If requested ANP may, but is not required to, act as mediator with respect to the negotiation of the unitization agreement. If a concessionaire enters into a unitization agreement, ANP shall have 60 days from the receipt of the executed agreement in which to request amendments which ANP deems advisable. No response from ANP is deemed to be approval. If ANP requests amendments, the concessionaire and the other interested parties shall have 60 days from the date the request was made to submit to ANP appropriate modifications.
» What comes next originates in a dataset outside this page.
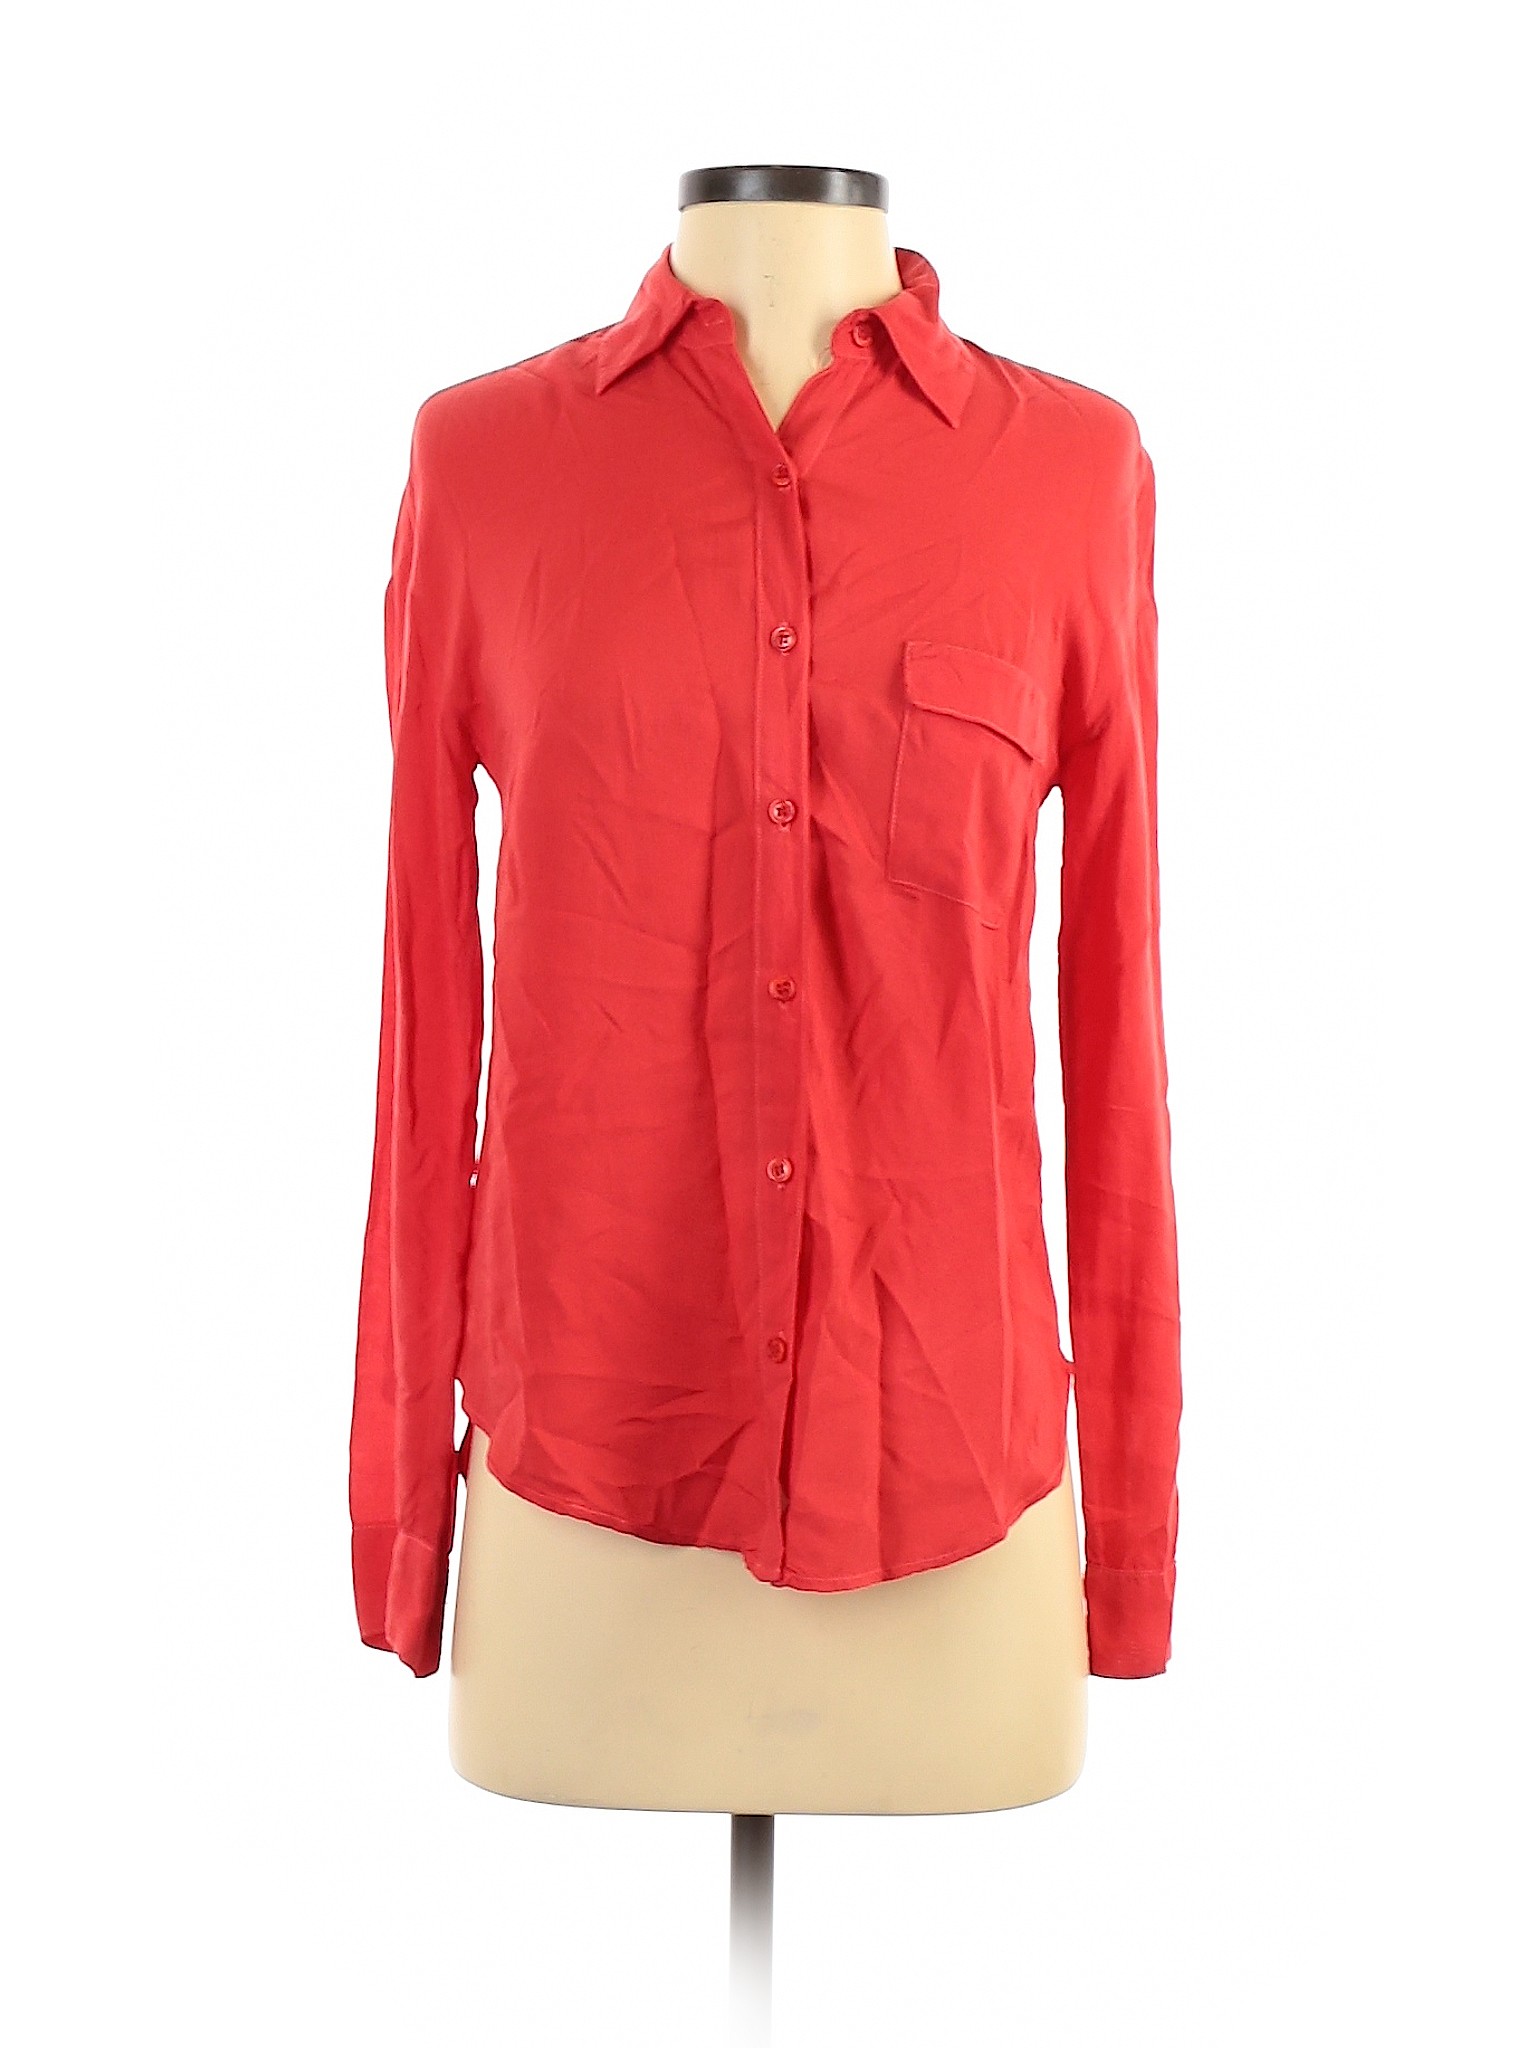 Splendid Women Red Long Sleeve Button-Down Shirt XS | eBay

After a unitization agreement becomes effective and has been approved, all further amendments are subject to the consent of ANP.
An operator of a unitized field must hold a minimum participation of 15 percent contrasted to a 30 percent requirement for non-unitized fields.
To enable pools that straddle multiple concessions (host government contracts) to be efficiently developed and produced, states have or are enacting legislation that encourages and, in some instances, mandates the creation of units. This state action must be balanced against the rights of individual concession owners to freely operate their property (whether this be a direct interest in the oil and gas or a contract right to develop and produce the oil and gas). Outside the United States and the United Kingdom, unitization is a relatively new phenomenon, and the rules are just now beginning to coalesce. The interplay between government rules and the conflict associated with the negotiation of unit sharing arrangements among the various participating parties in multiple concessions makes for some complicated arrangements that involve, among other factors: subsurface geotechnical and engineering, surface engineering, construction and operations, economics, market predictions, negotiations and drafting.